Details
-
Bug
-
Resolution: Cannot Reproduce
-
Minor
-
None
-
Lustre 2.9.0
-
None
-
autotest review-dne-part-1
-
3
-
9223372036854775807
Description
sanity test 27o times out in review-dne-part-1. The last thing seen in the test_log is
osc.lustre-OST0007-osc-MDT0003.prealloc_reserved=0 osc.lustre-OST0007-osc-MDT0003.prealloc_status=-28 CMD: onyx-42vm8 lctl set_param fail_loc=0x215 fail_loc=0x215 CMD: onyx-42vm7 lctl get_param -n lov.*.qos_maxage touch: cannot touch `/mnt/lustre/d27o.sanity/f27o.sanity': No space left on device CMD: onyx-42vm8 lctl set_param fail_loc=0 fail_loc=0
The ‘No space left on device’ is expected.
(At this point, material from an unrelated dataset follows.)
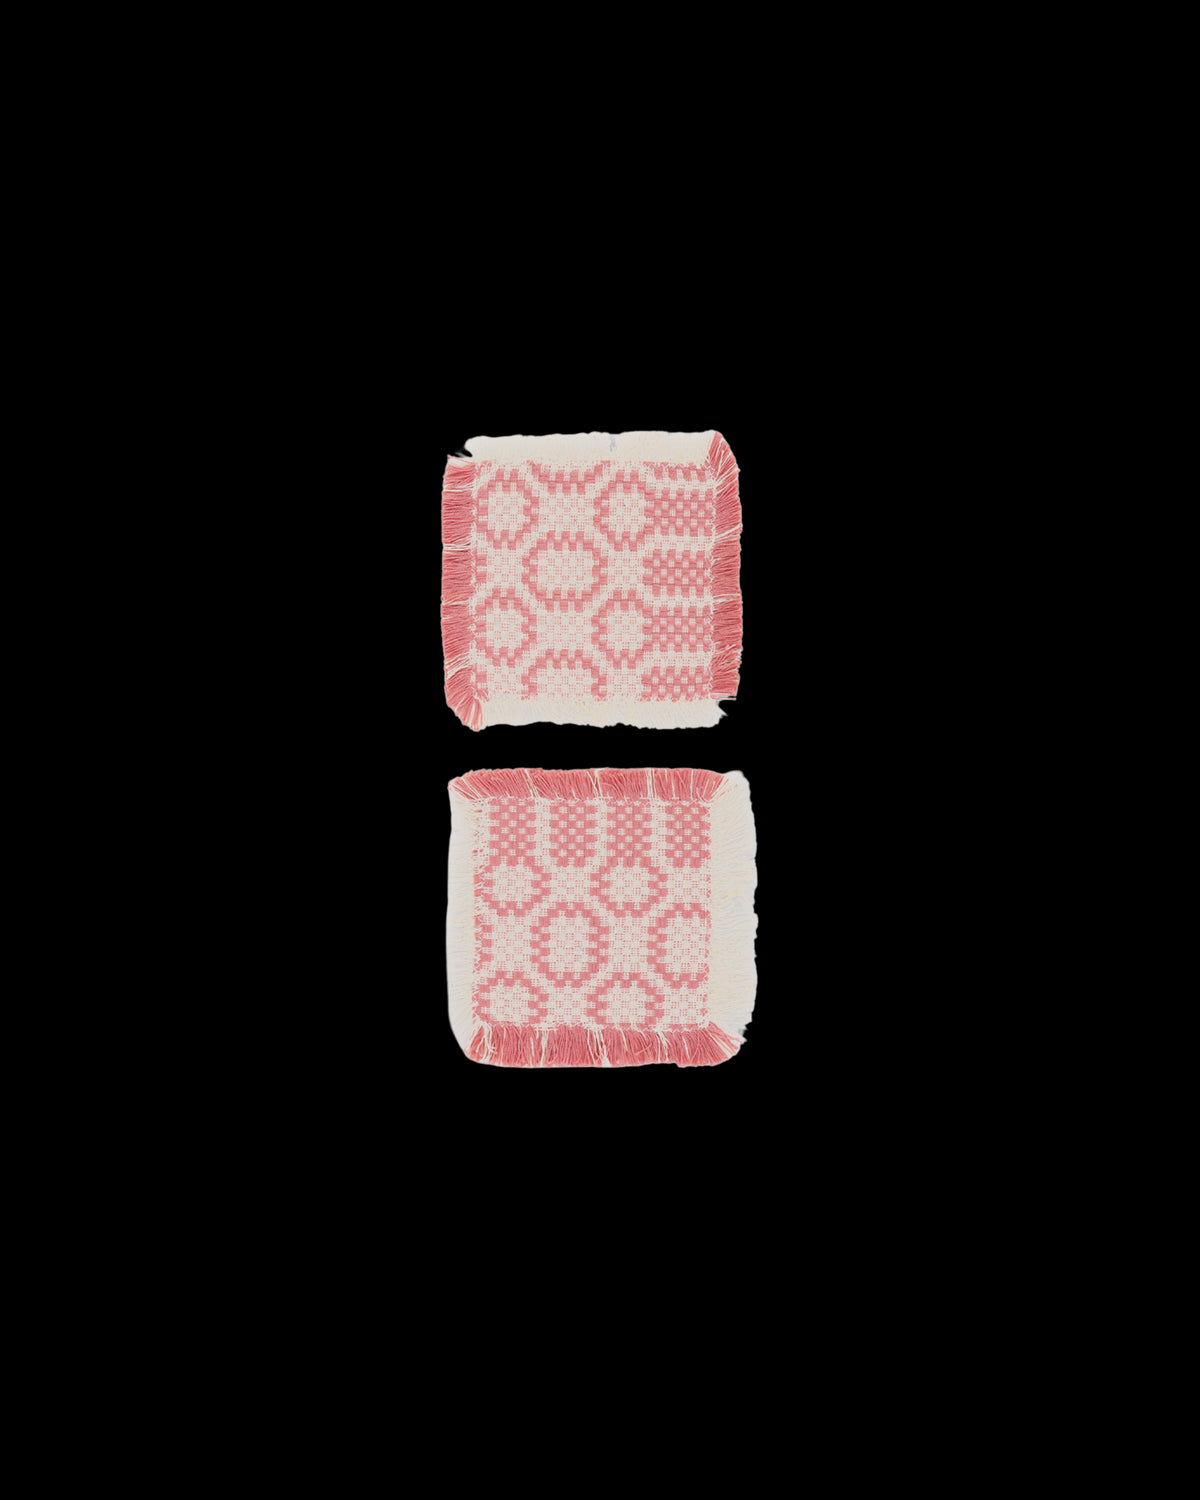 Lecce Coasters in Pink, Set of 2

It looks like the test is hung in the reset_enospc() routine possibly hung on the call to sync.
1467 # OSCs keep a NOSPC flag that will be reset after ~5s (qos_maxage)
1468 # if the OST isn't full anymore.
1469 reset_enospc() {
1470 local OSTIDX=${1:-""}
1471
1472 local list=$(comma_list $(osts_nodes))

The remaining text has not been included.